И подобные существа считаются в этих краях горничными? Догадайся Элси об этом раньше, она могла бы не переживать из-за собственной наружности.
– Мэм, – повторила девушка и, спохватившись, запоздало присела в реверансе. Поднос задребезжал. – Мистер Ливингстон сказал, что вы, наверное, проголодались.
– Ах, – Элси было сложно с этим согласиться: сочетание запахов, идущих от подноса, казалось ей в равной мере аппетитным и тошнотворным. – Да. Очень любезно с его стороны. Оставь поднос.

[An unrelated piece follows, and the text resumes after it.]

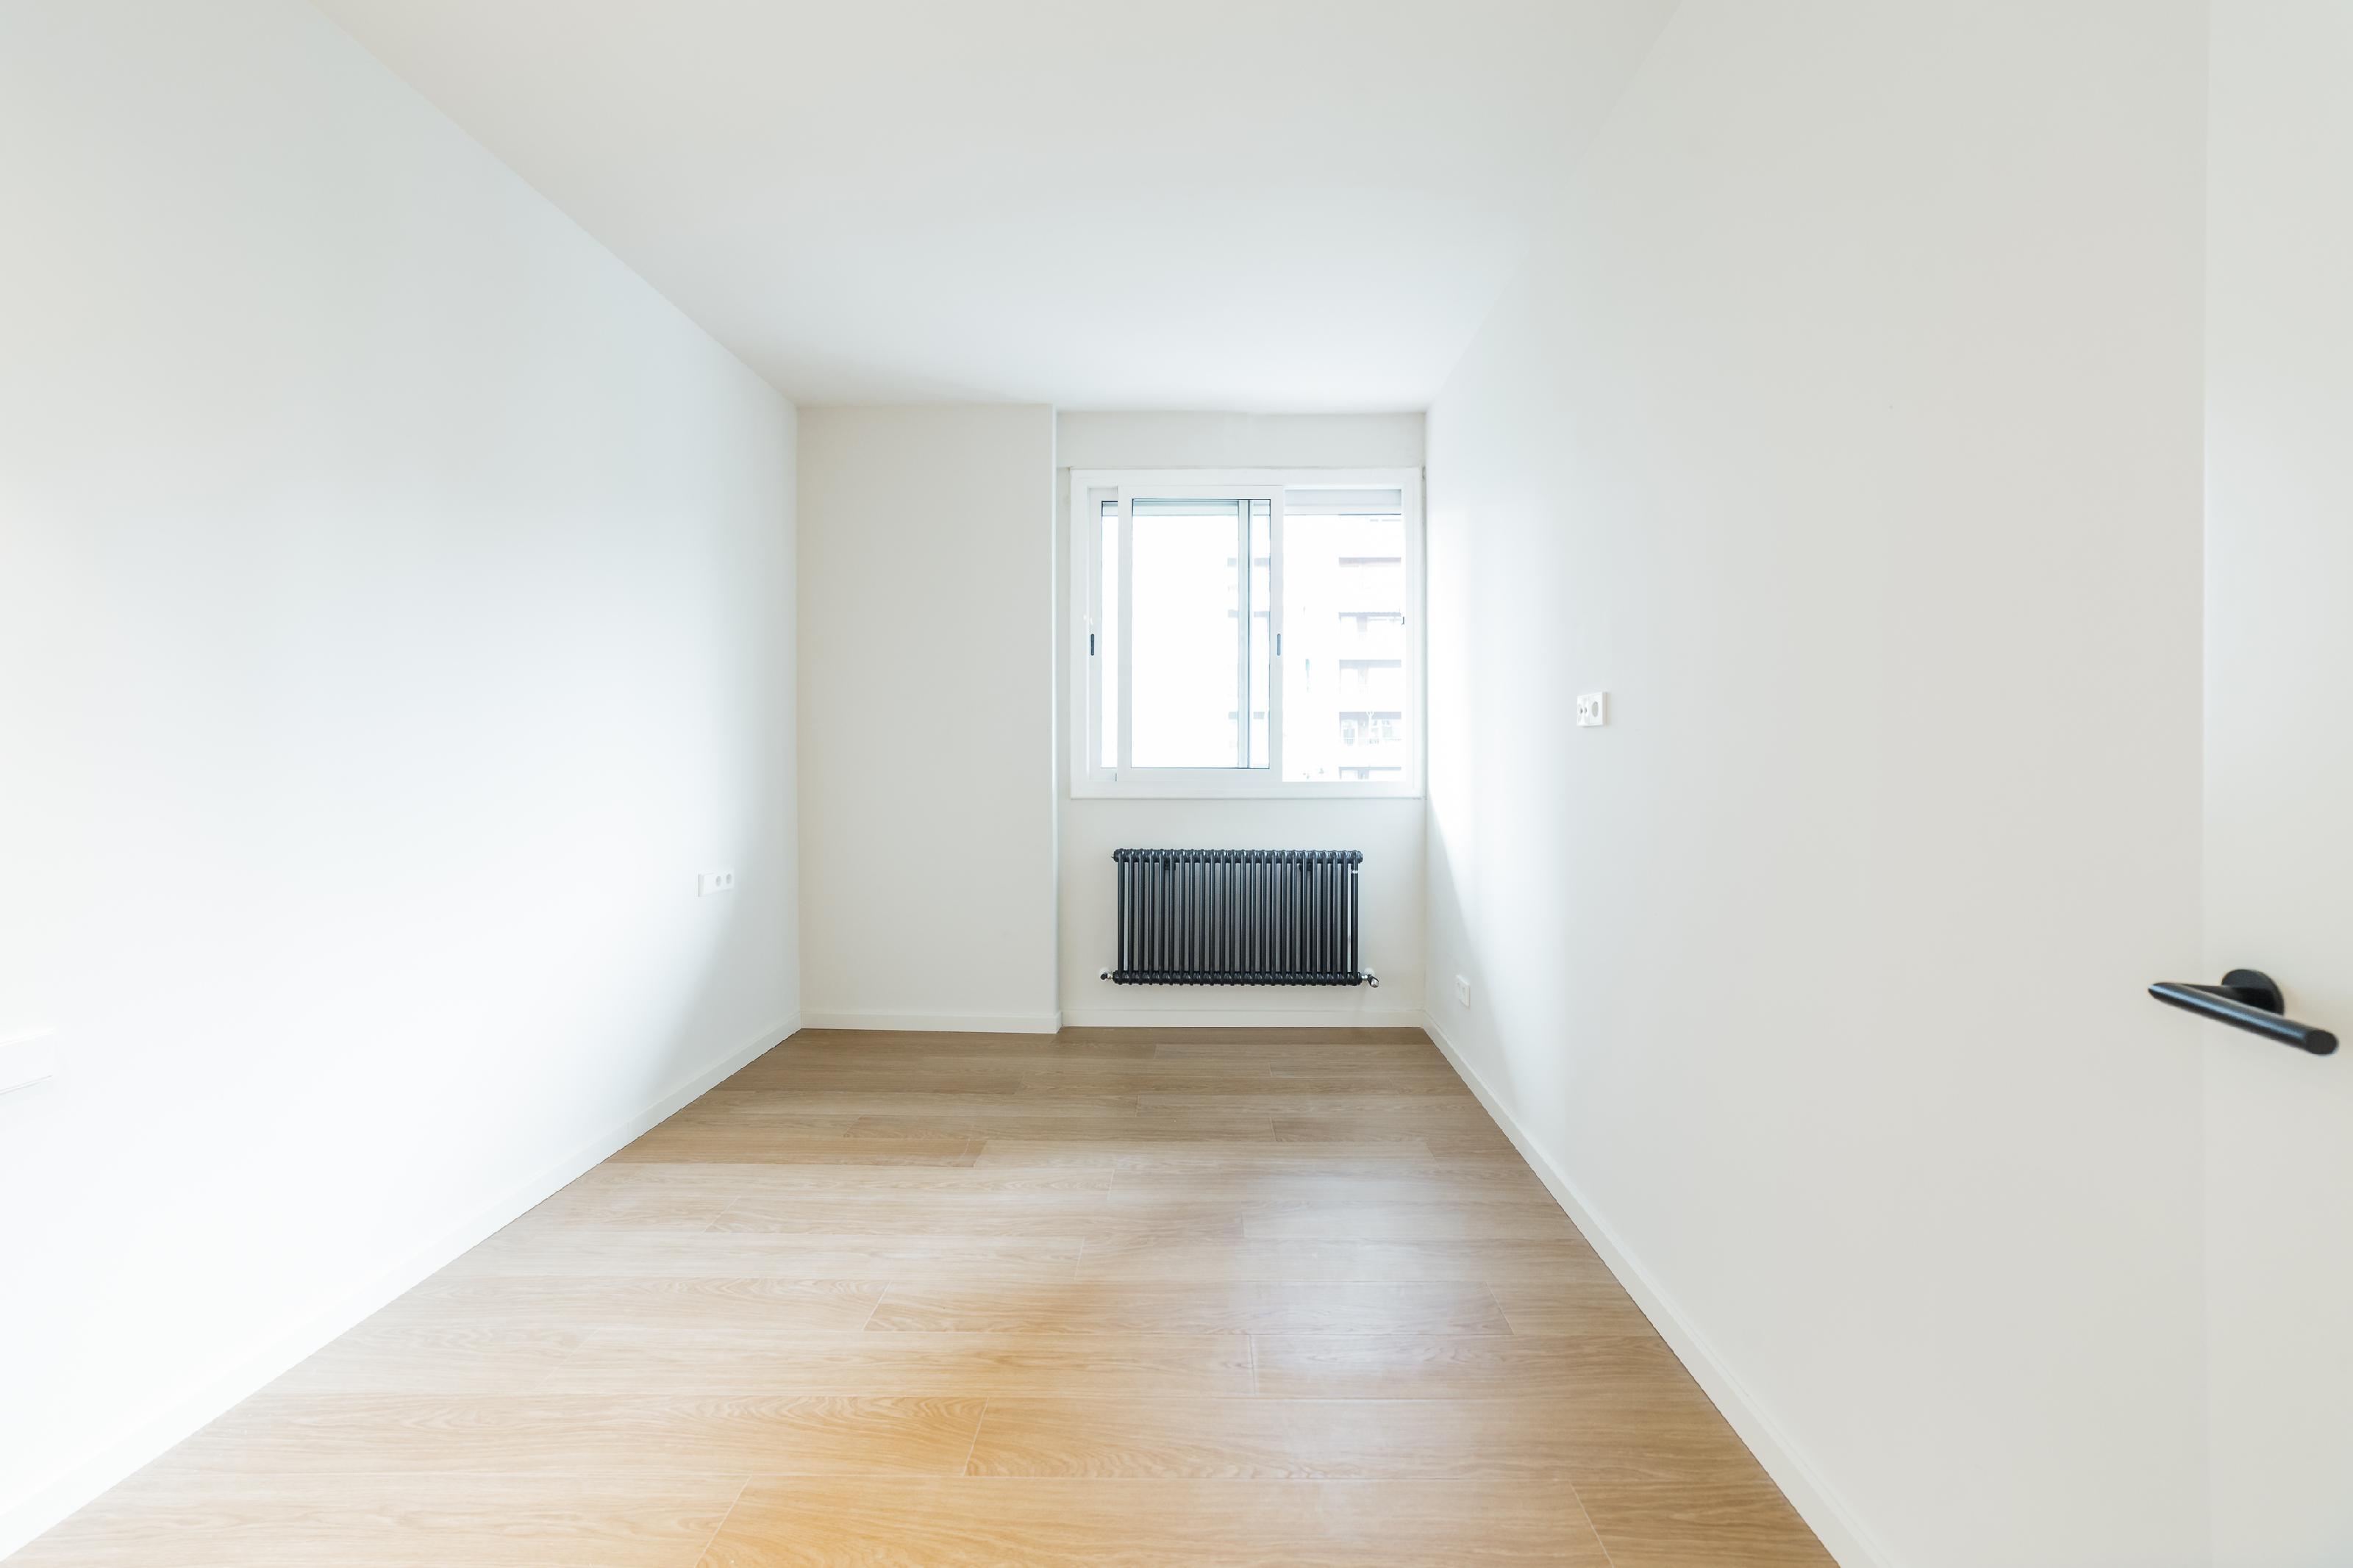 253492 Flat for sale in Sarrià-Sant Gervasi, Sant Gervasi-Galvany 33
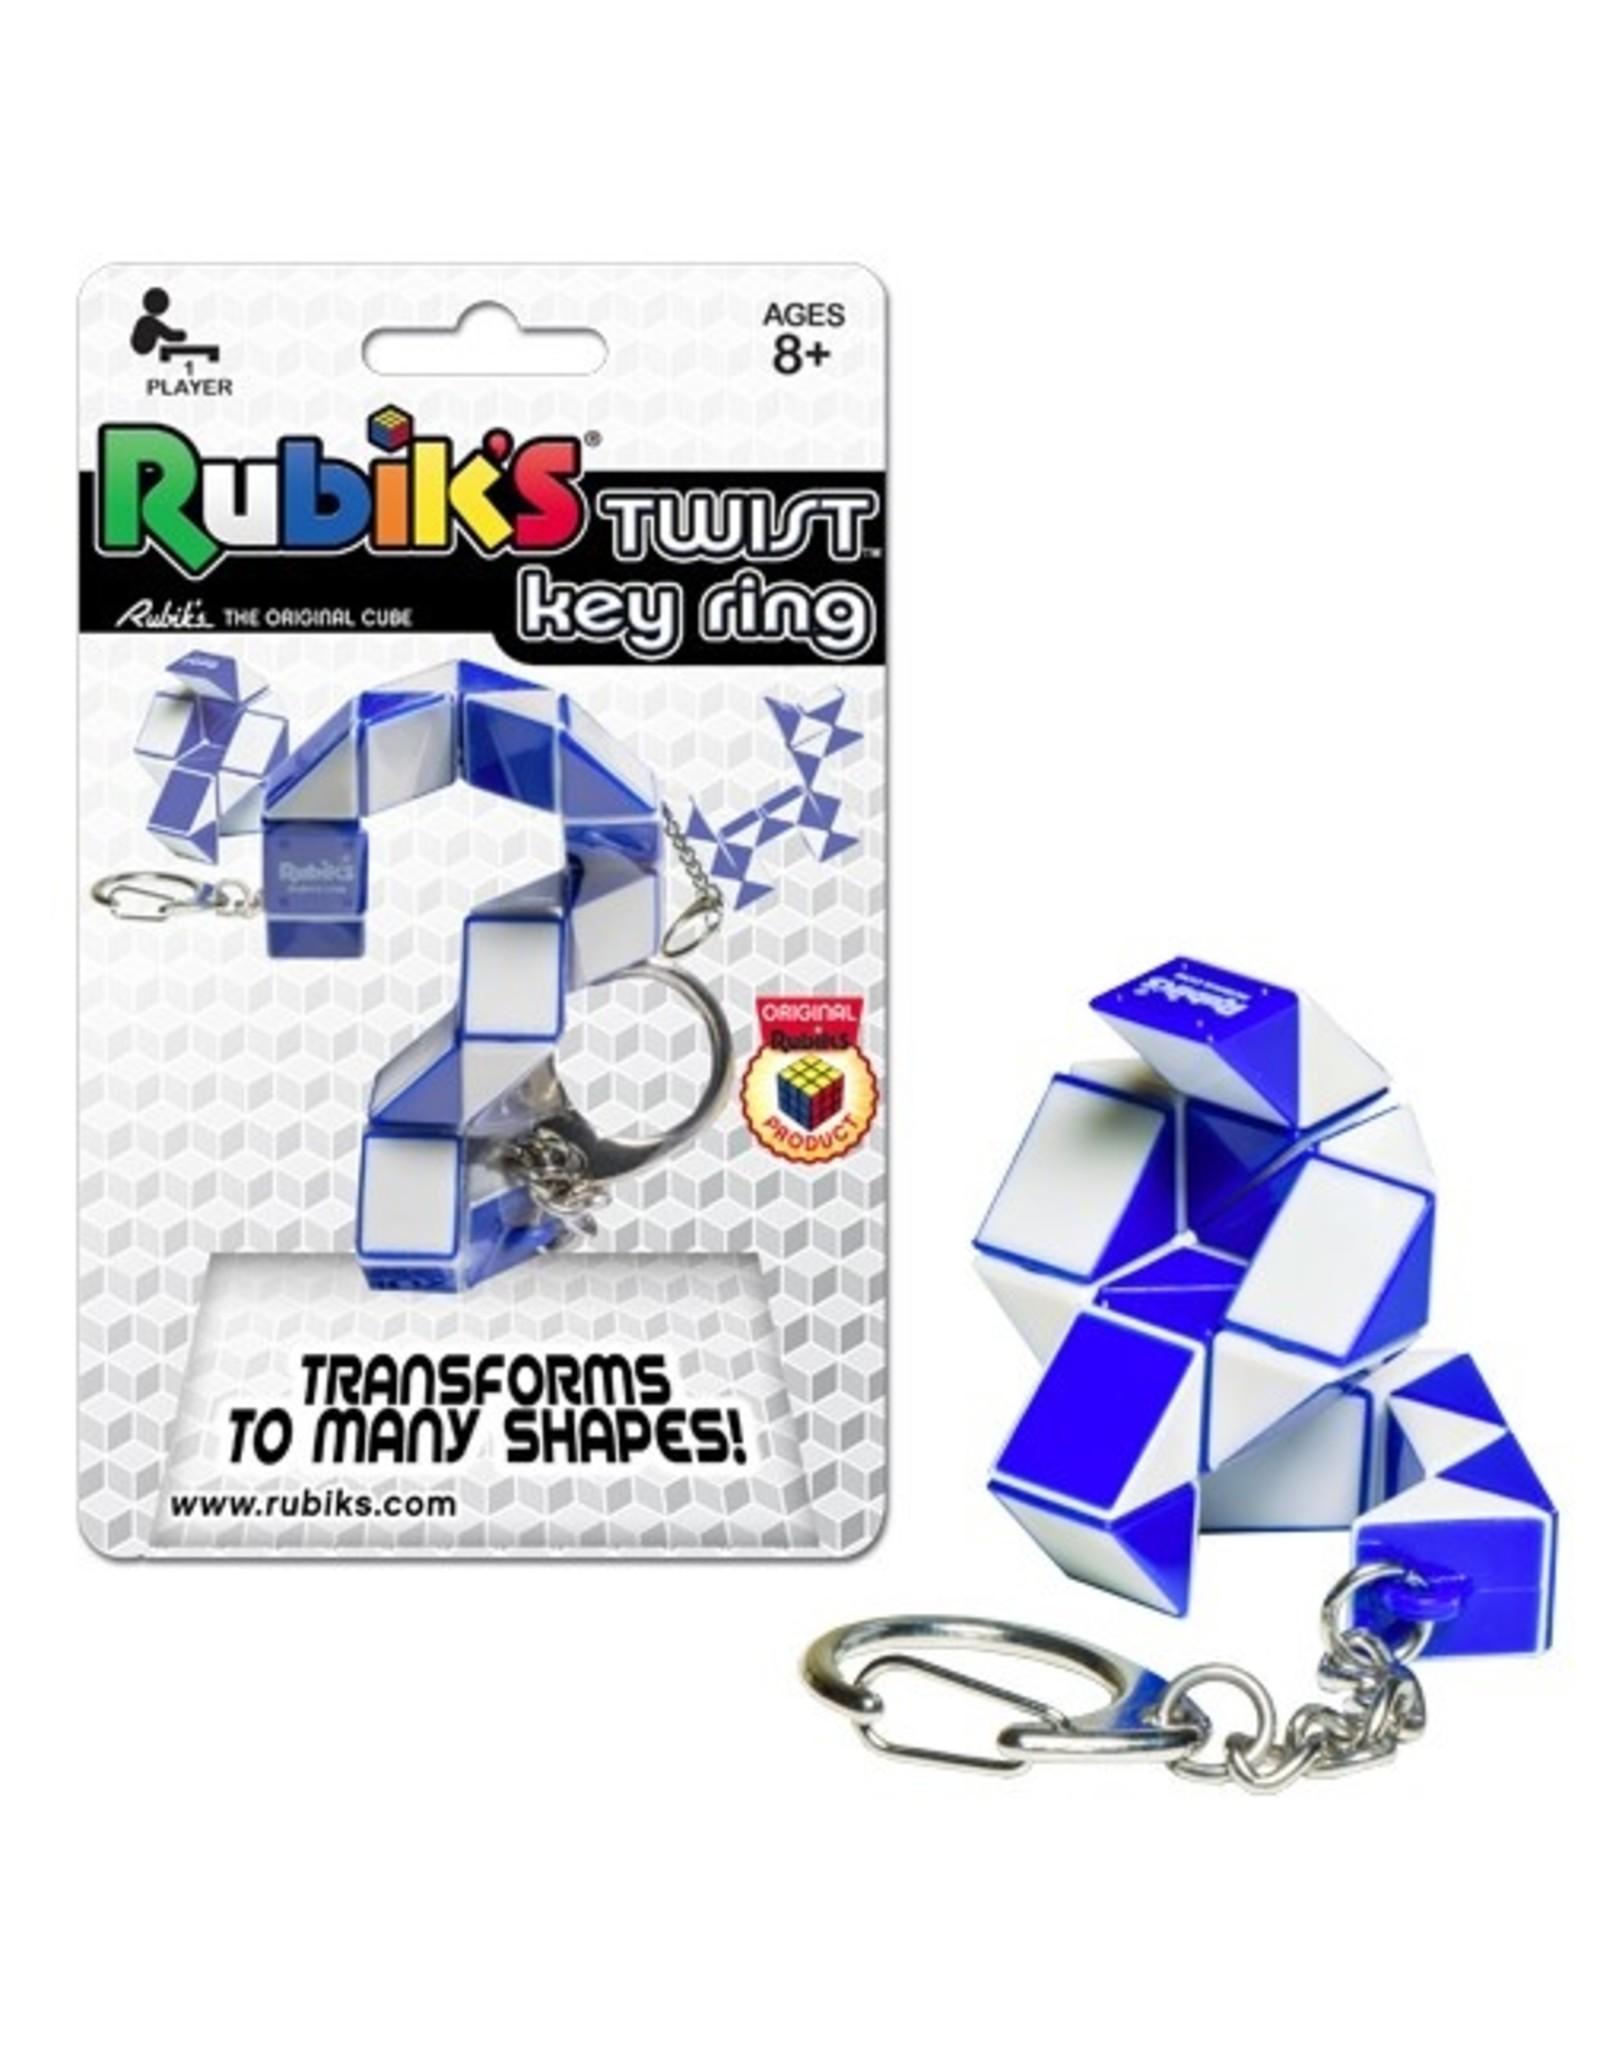 Winning Moves Games Rubik's Twist Key Ring

Она откинулась на подушку.
Девица подошла ближе. Ничего похожего на изящную походку вышколенной лондонской прислуги. От ее тяжелых шагов молочник подскакивал, а из тарелки выплеснулся суп. С размаху опустив поднос Элси на колени, она отошла и присела в очередном реверансе.
Элси не знала, смеяться ей или чувствовать себя оскорбленной. Девица была совершенно неотесанной.
– И как тебя?…
– Мейбл Казинс. Я горничная, – говорила она тоже странно: что-то среднее между скороговоркой кокни и тягучим деревенским говором. – Мэм.
Элси догадалась, что Мейбл, вероятно, не слишком часто позволяют подниматься на второй этаж. Видно, им так не хватает работниц, что к ней отправили первую попавшуюся. По тому, как девушка пожирала глазами ворох платьев Элси на полу и кружевной воротничок ее ночной сорочки, можно было решить, что она в жизни не видала этакой роскоши.
– Ты прибираешь в доме? Или помогаешь на кухне?
Мейбл пожала плечами.
– Просто горничная. Я да Хелен. А других-то нет.
– Что ж, понятно, следовательно, вы с ней – прислуга за всё, выполняете всю работу.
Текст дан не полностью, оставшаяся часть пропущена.